#### [What the exercise asks]
When you retype the data, keep every word exactly and include none of the pictures.

#### [Information provided]
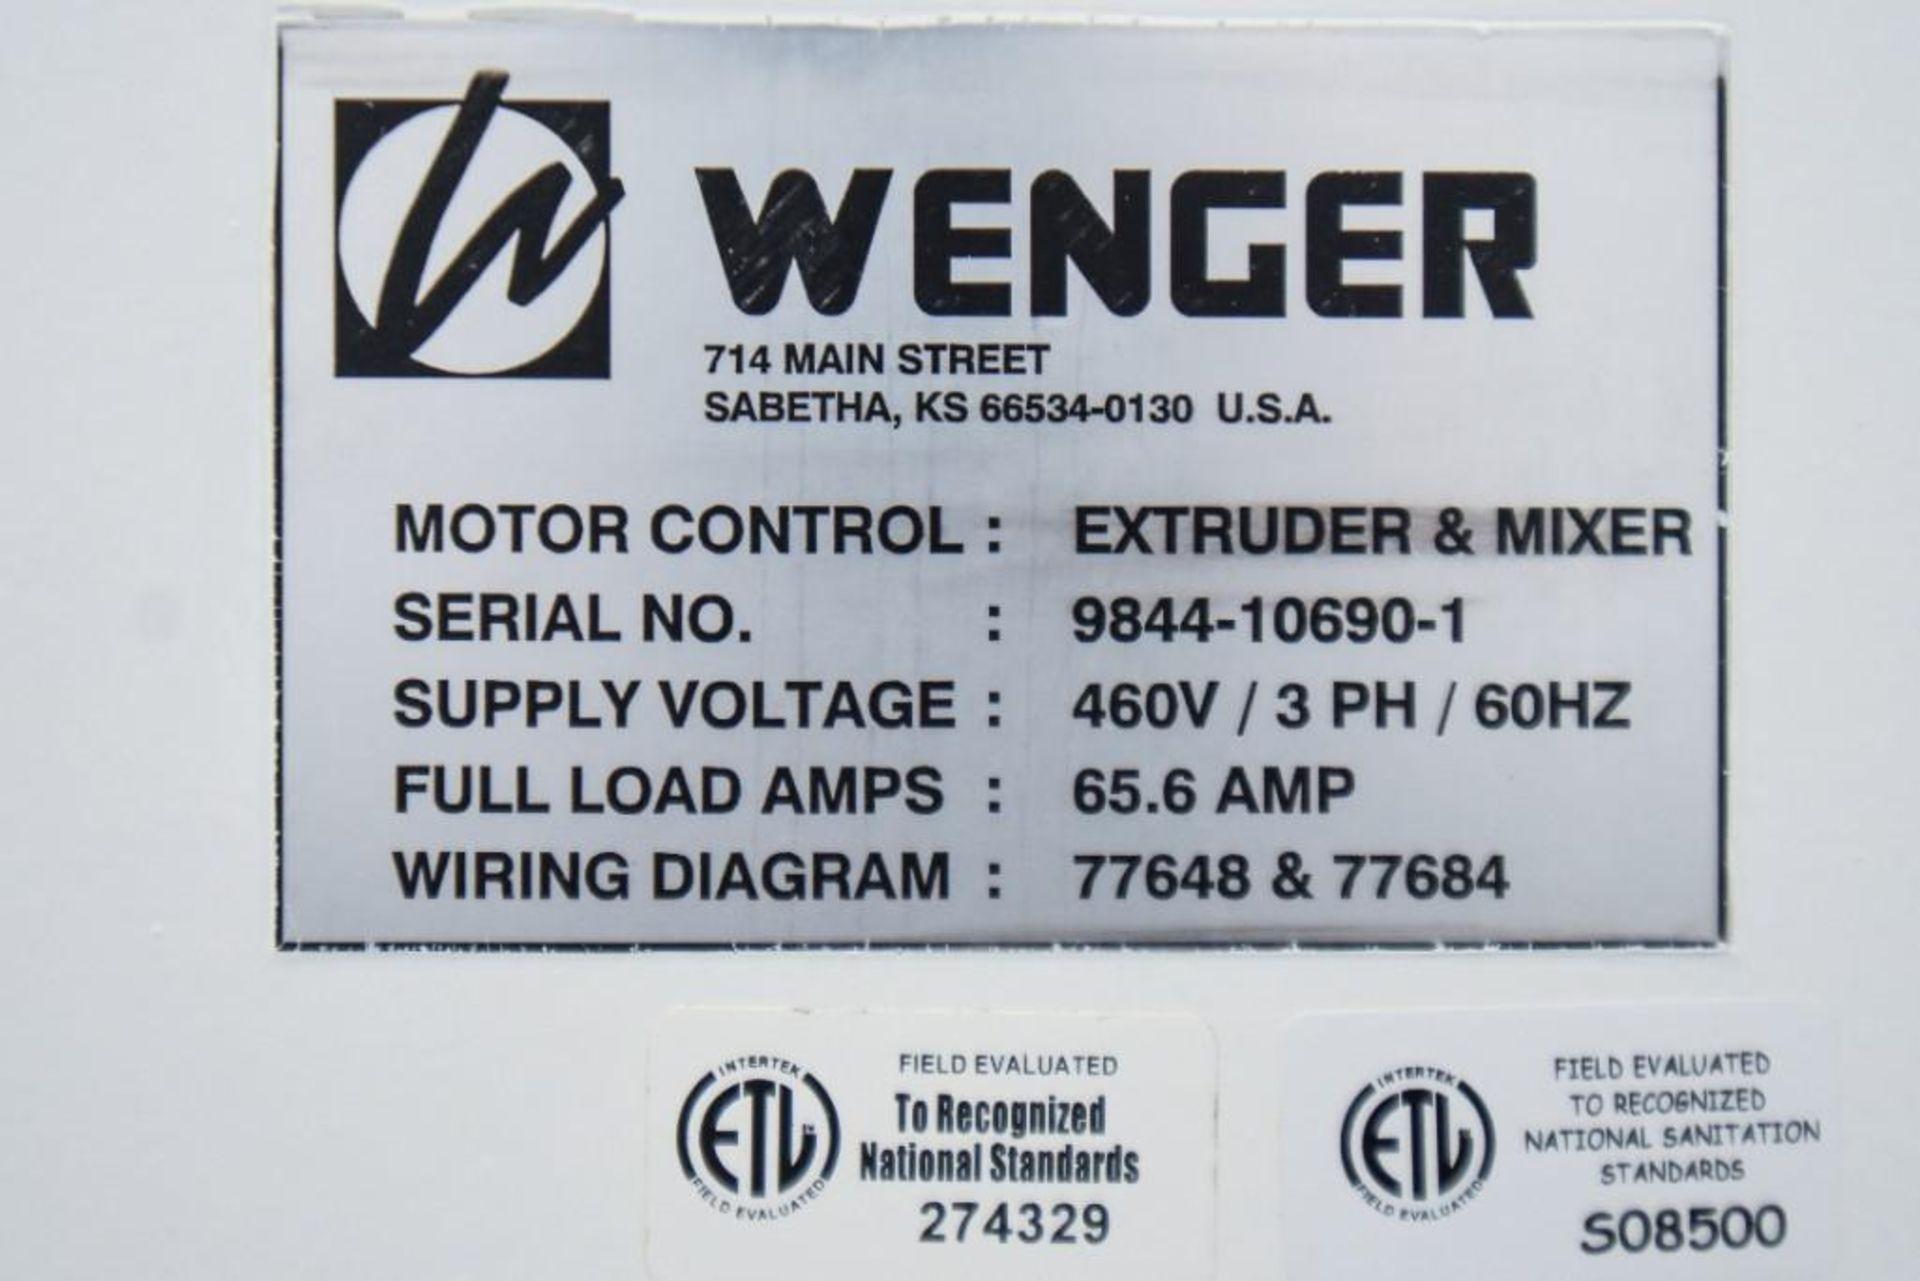 Wenger Mixer - Alanco Silo - Wenger Extruder - Image 8 of 31
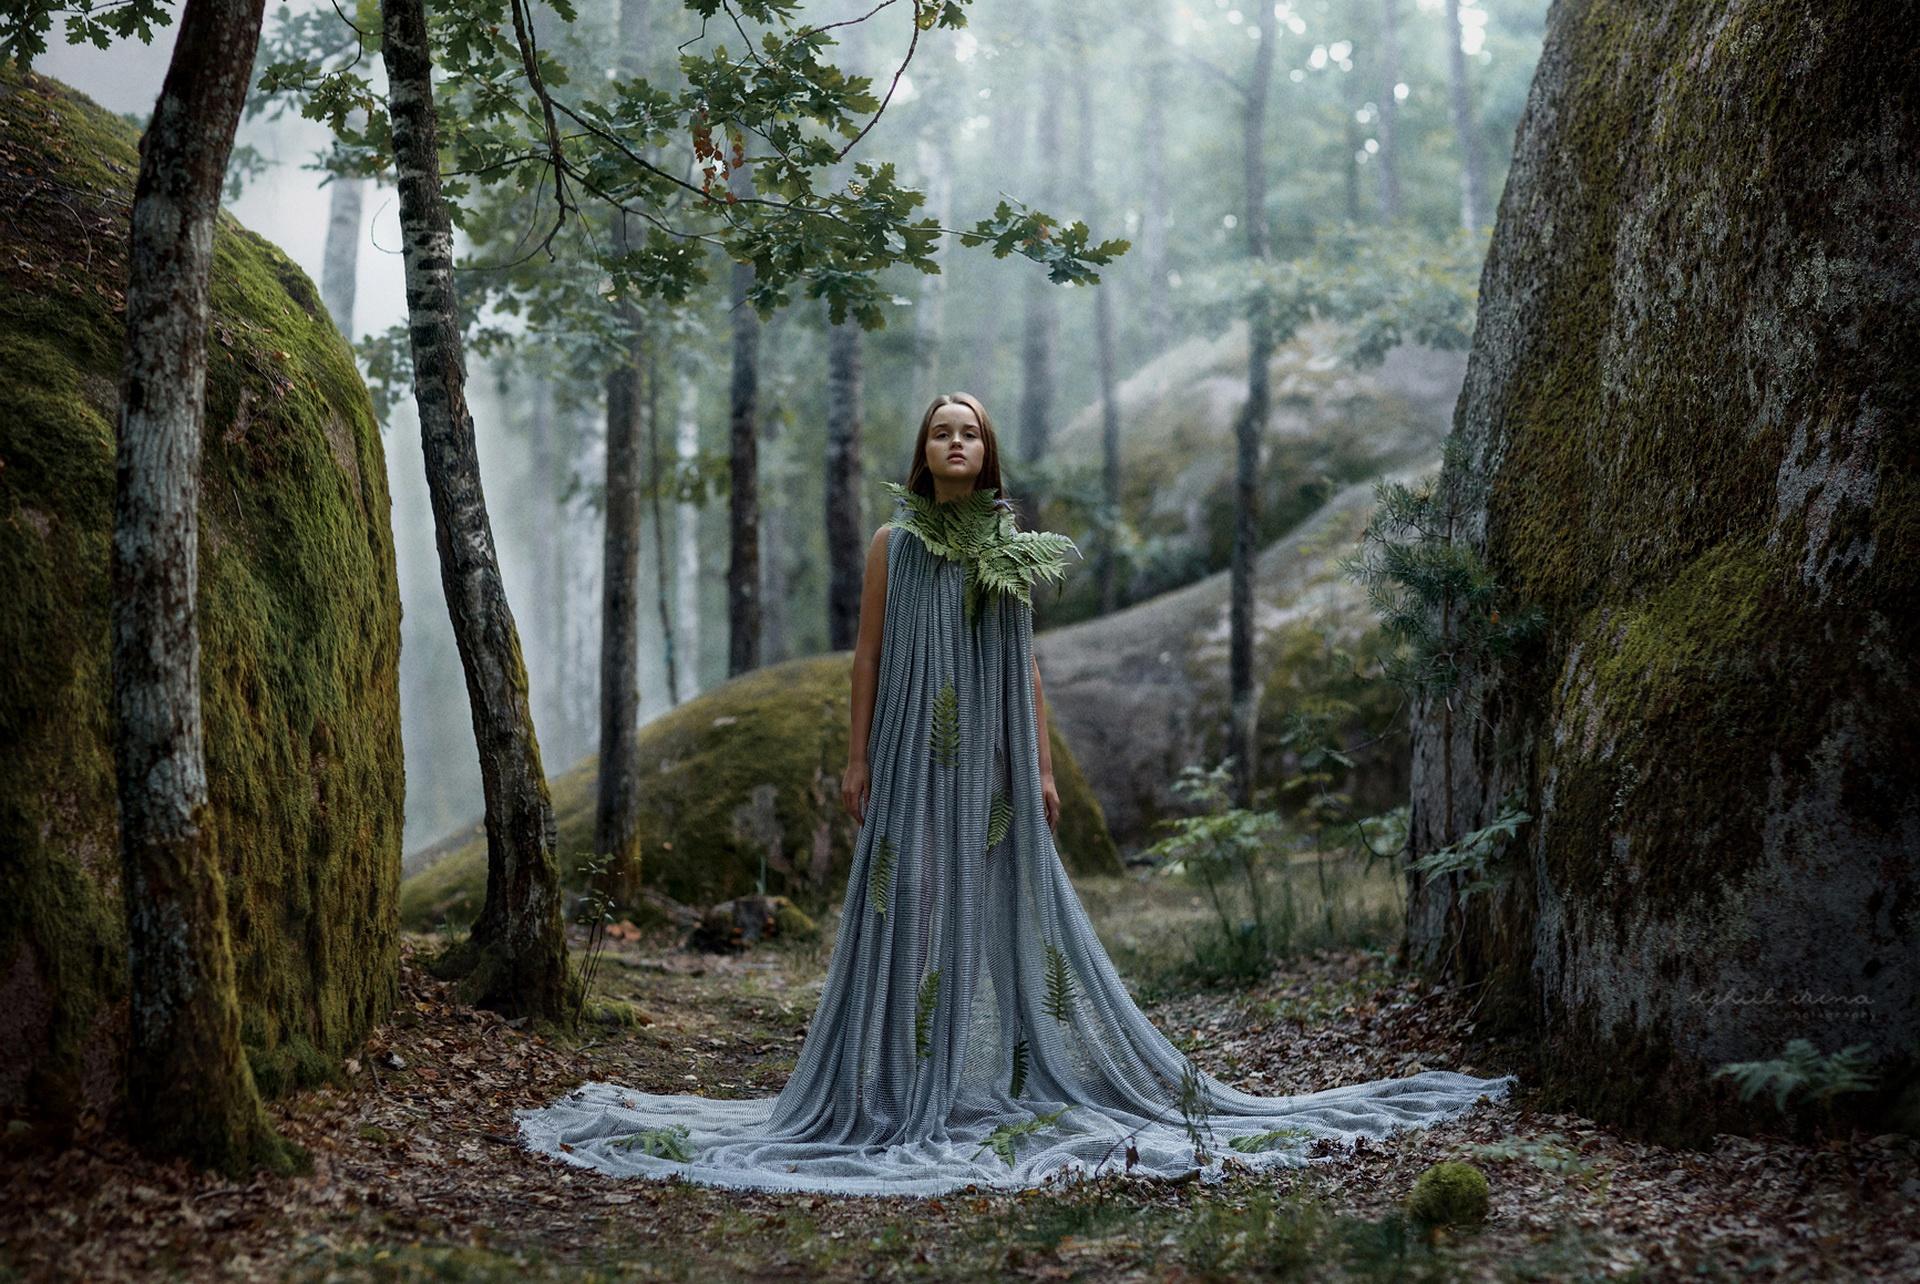 women Outdoors, Women, Model, Fantasy Art, Nature
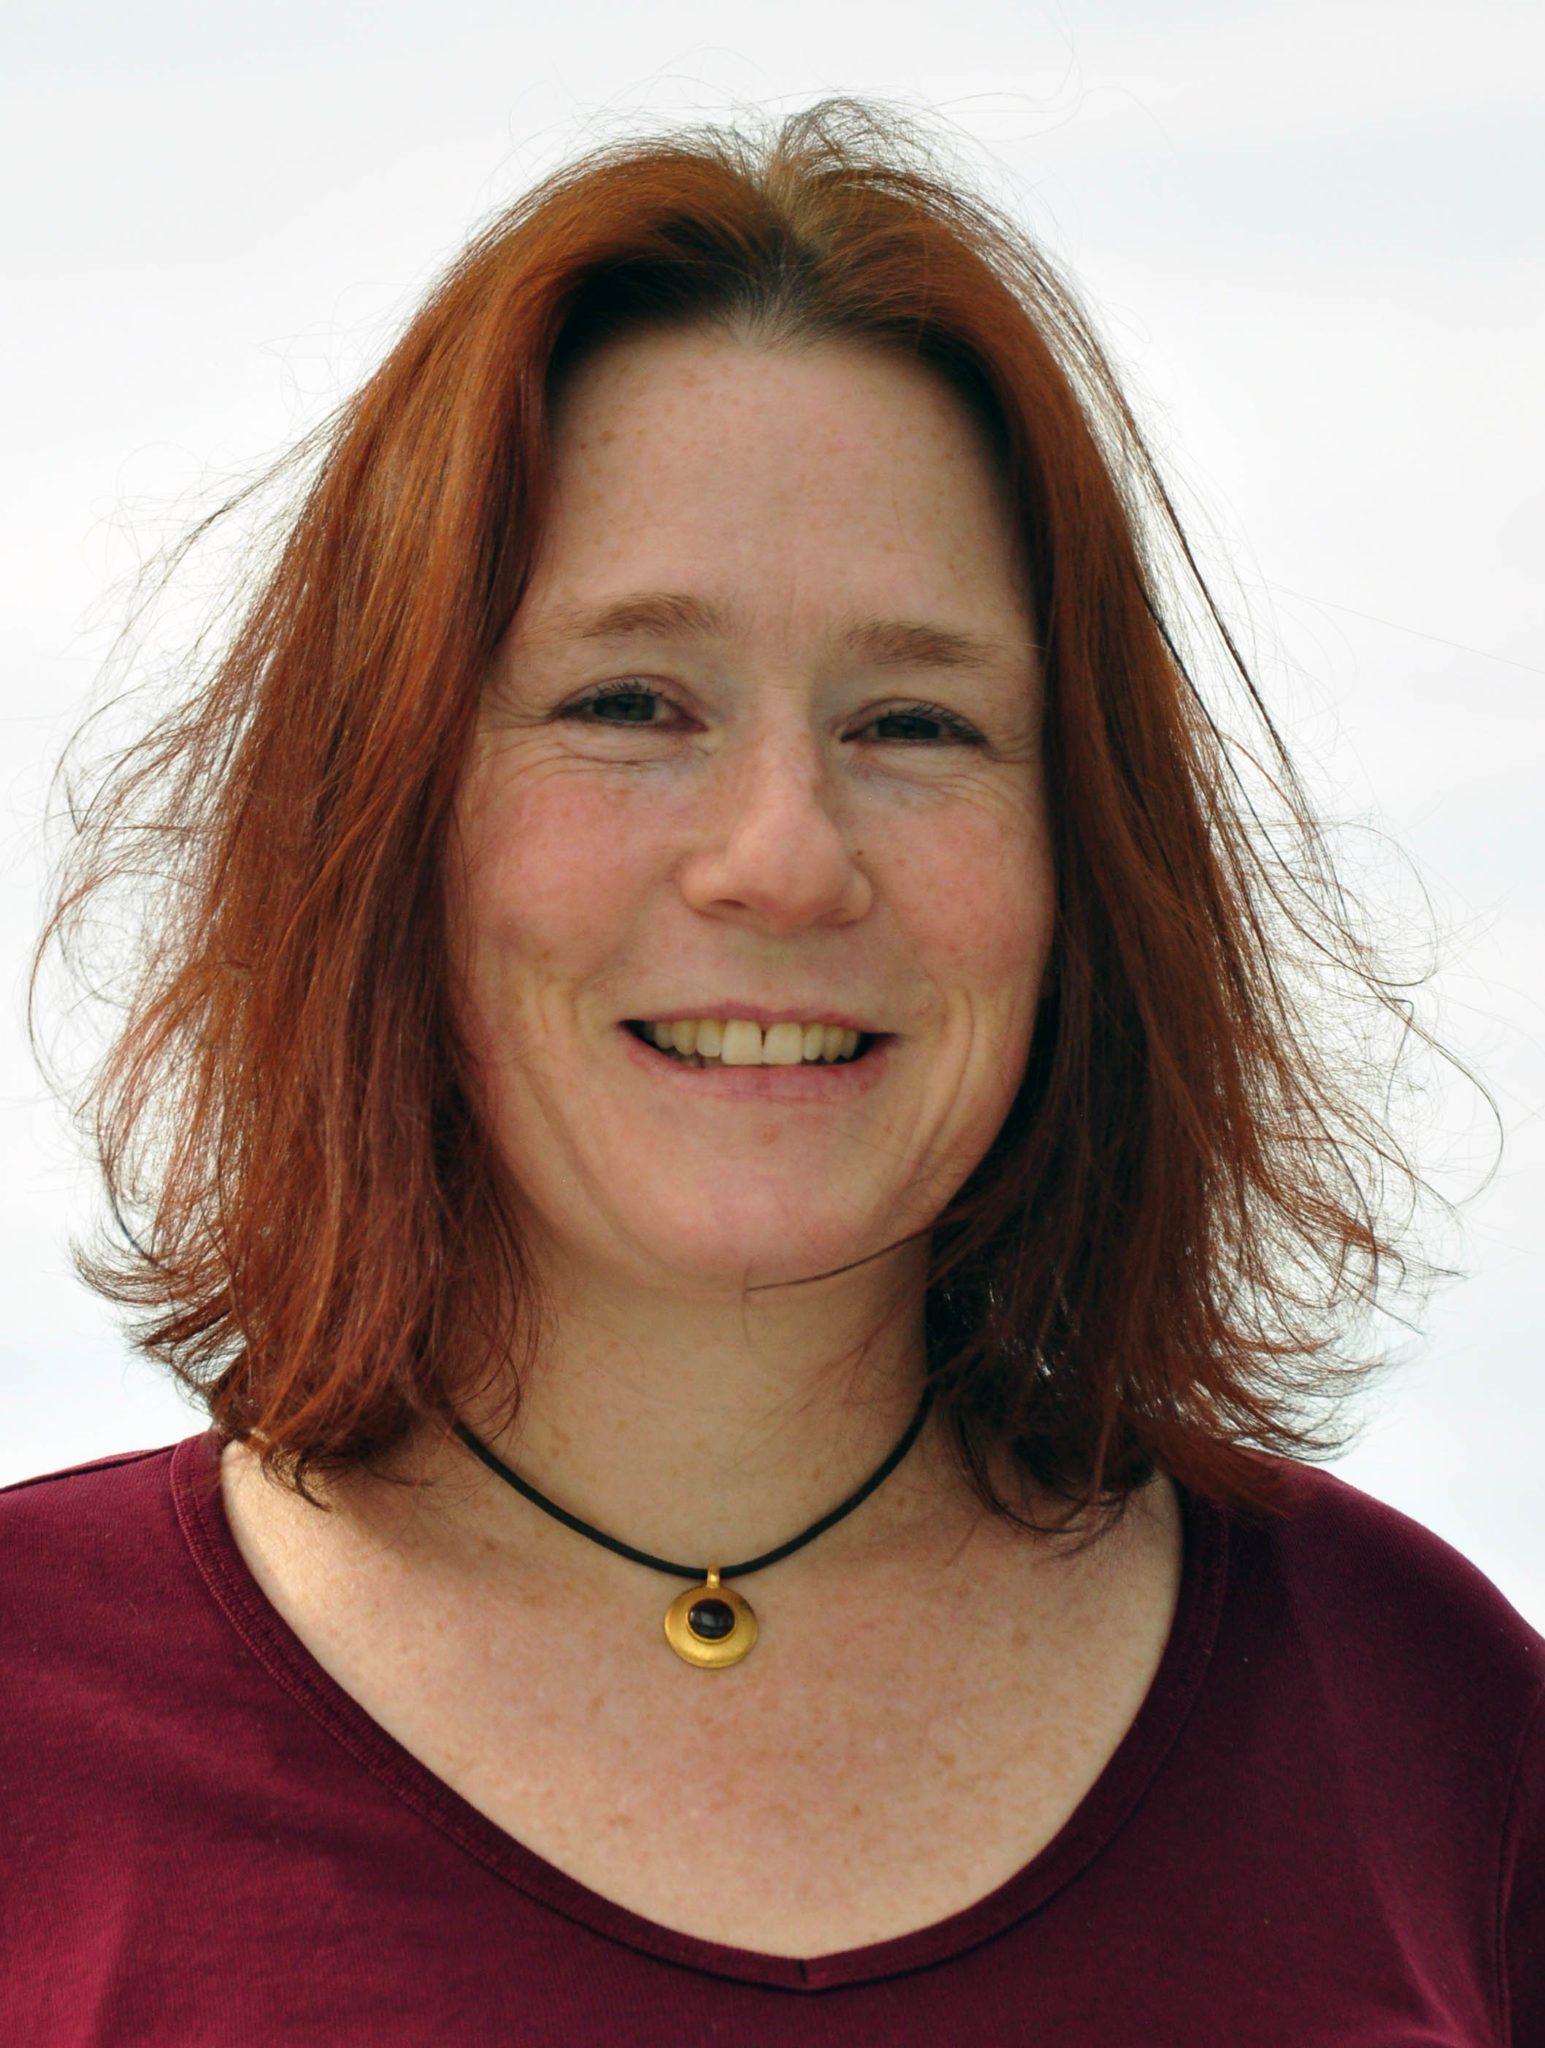 Lebenslauf - Chantal Locher

#### [Answer]
 Wenger Mixer - Alanco Silo - Wenger Extruder - Image 8 of 31
 women Outdoors, Women, Model, Fantasy Art, Nature
 Lebenslauf - Chantal Locher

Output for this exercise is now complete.